R notes
From CCGB
This place is for R code we want to remember. Currently it contains various topics that might later be reorganized. There is also a separate section for empirical FDR.
More pages from the HardisonLab.
The Reality
- R is a powerful statistical language that has many useful functions, especially for plotting.
- R is nearly impossible to use.
- Grad students wrote this code: use at your own risk.
- The R project
Contents |
PDF plots
Symbols
Most font styles have a subset devoted to symbols, but making use of them can be difficult. An alternative is to use plotmath(), which will draw a given symbol in an expression. However, if you want to use a character from a font to express a mathematical symbol, you can make use of the "font" parameter in text().

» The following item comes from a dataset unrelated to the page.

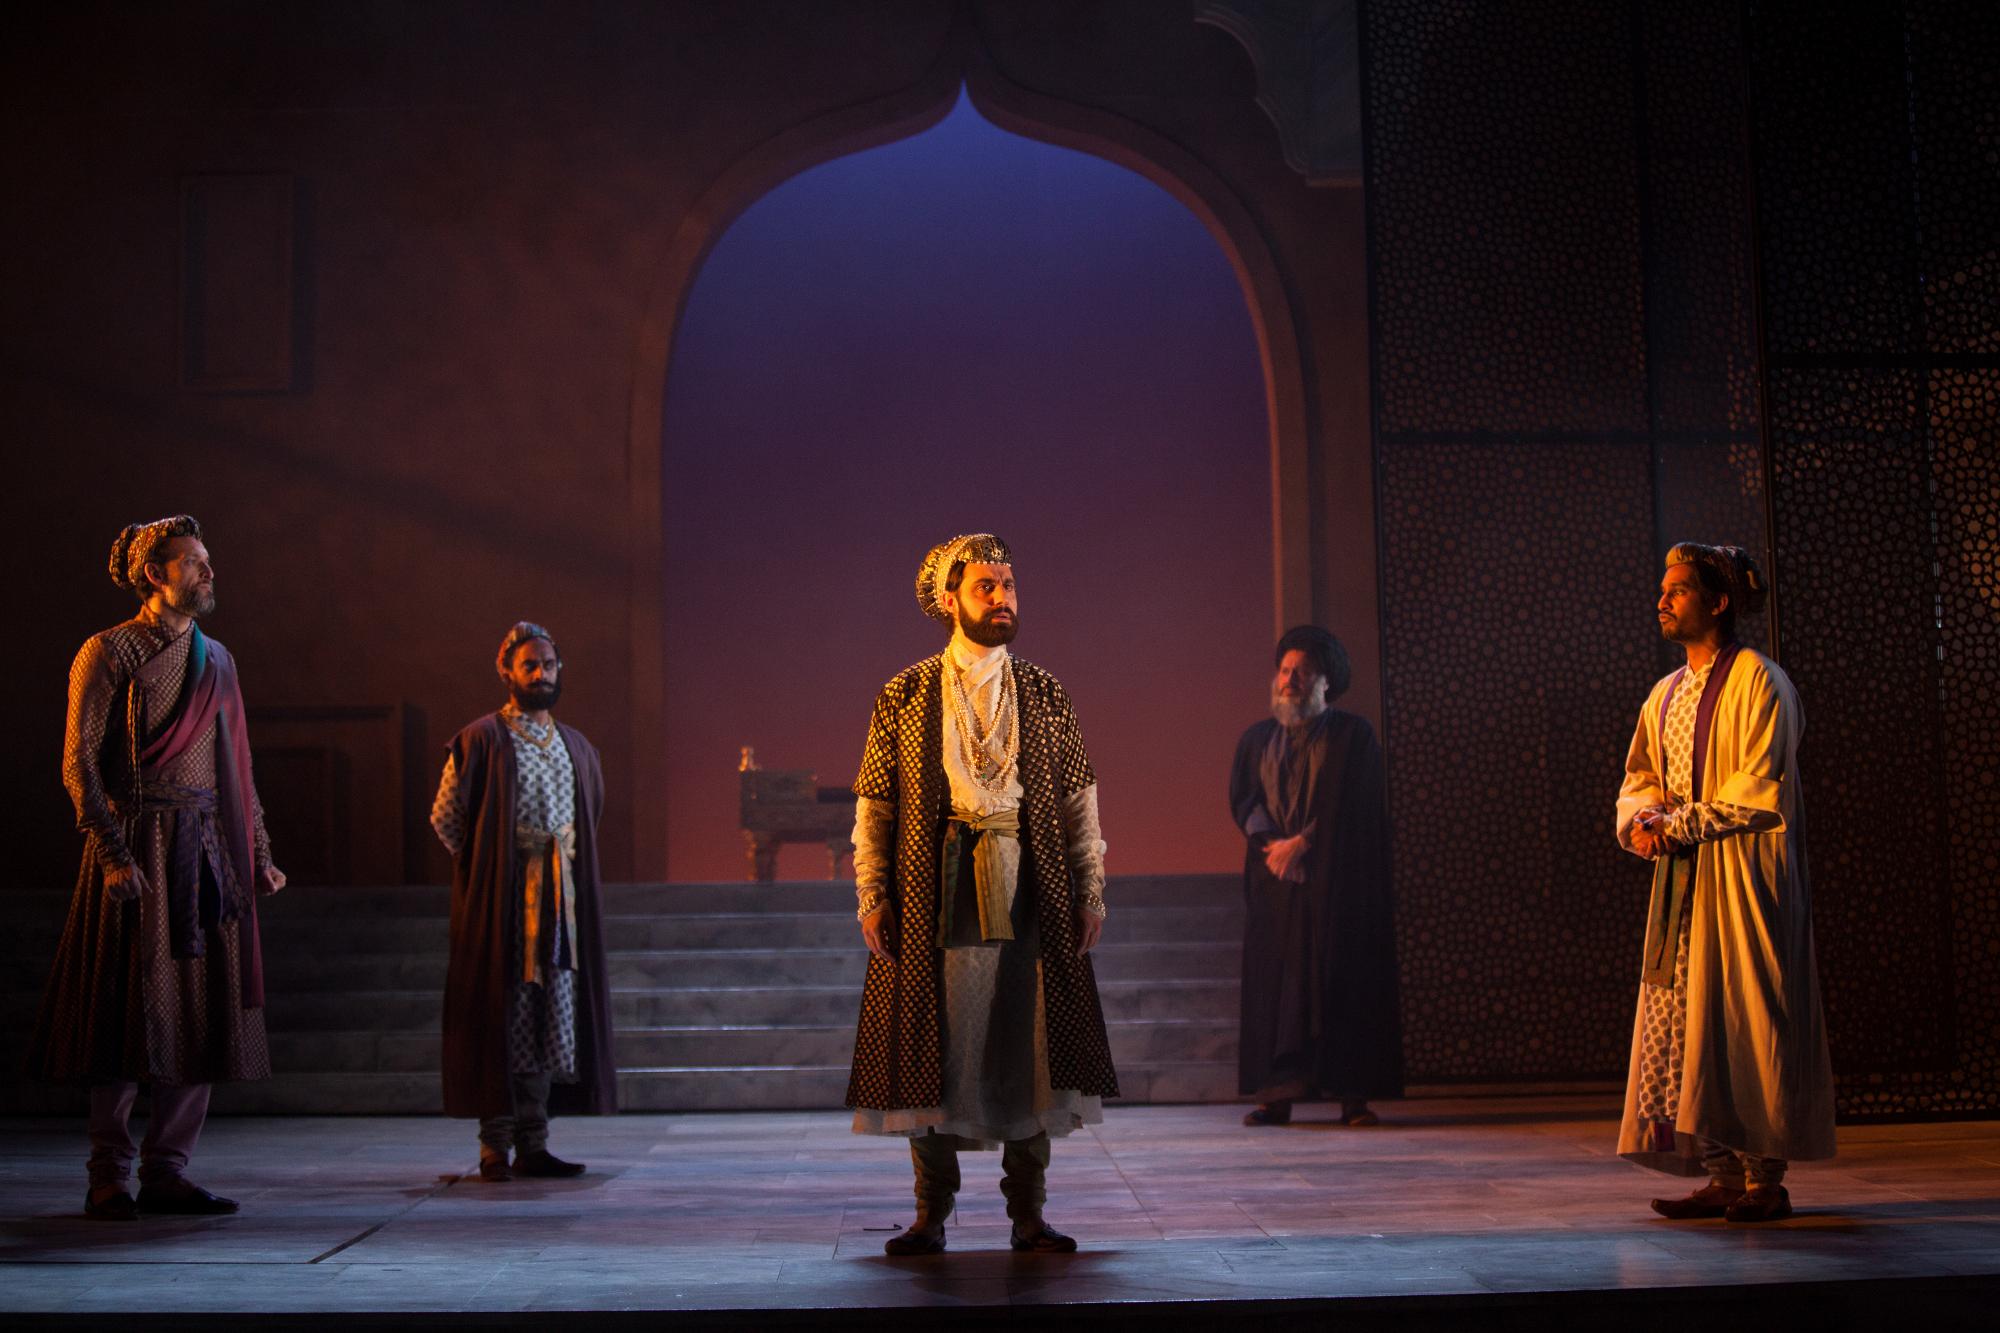 Nicholas Khan (Mir Khalil), Esh Alladi (Gvernor Khan), Sargon Yelda (Aurangzeb), Simon Nagra (Mullah Farooq), Rudi Dharmalingham (Danishmand) by Ellie Kurttz

- ∩ (intersect). text(x, y,"\307", font=5)
| 0 | 1 | 2 | 3 | 4 | 5 | 6 | 7 | |
|---|---|---|---|---|---|---|---|---|
| 240 | € | ϒ | ′ | ≤ | ⁄ | ∞ | ƒ | ♣ |
| 250 | • | ♥ | ♠ | ↔ | ← | ↑ | → | ↓ |
| 260 | ° | ± | ″ | ≥ | × | ∝ | ∂ | • |
| 270 | ÷ | ≠ | ≡ | ≈ | … | | ⎯ | ↵ |
| 300 | ℵ | ℑ | ℜ | ℘ | ⊗ | ⊕ | ∅ | ∩ |
| 310 | ∪ | ⊃ | ⊇ | ⊄ | ⊂ | ⊆ | ∈ | ∉ |
| 320 | ∠ | ∇ | ® | © | ™ | ∏ | √ | ⋅ |
| 330 | ¬ | ∧ | ∨ | ⇔ | ⇐ | ⇑ | *> | *v |
| 340 | ◊ | 〈 | | | | ∑ | ⎛ | ⎜ |
| 350 | ⎝ | ⎡ | ⎢ | ⎣ | ⎧ | ⎨ | ⎩ | ⎪ |
| 360 | | 〉 | ∫ | ⌠ | ⎮ | ⌡ | ⎞ | ⎟ |
| 370 | ⎠ | ⎤ | ⎥ | ⎦ | ⎫ | ⎬ | ⎭ |
Pasting data into R
Importing data into R can be tricky if the data are complex or of mixed type (see the R-data manual). Pasting simple data into the console, however, is quite easy.
scan() from the console
The default file argument for scan(file="") instructs it to read from the console:
> scan("")
1: 1
2: 2
3: 3
4: 4
5:
Read 4 items
[1] 1 2 3 4
Using textConnection with scan()
Paste or type data into quotes
s = "" s = "1 2 3 5 76 7 43"
Use textConnection() and scan() on a string.
x=scan(textConnection(s))
This makes scan read the string as if it were a file.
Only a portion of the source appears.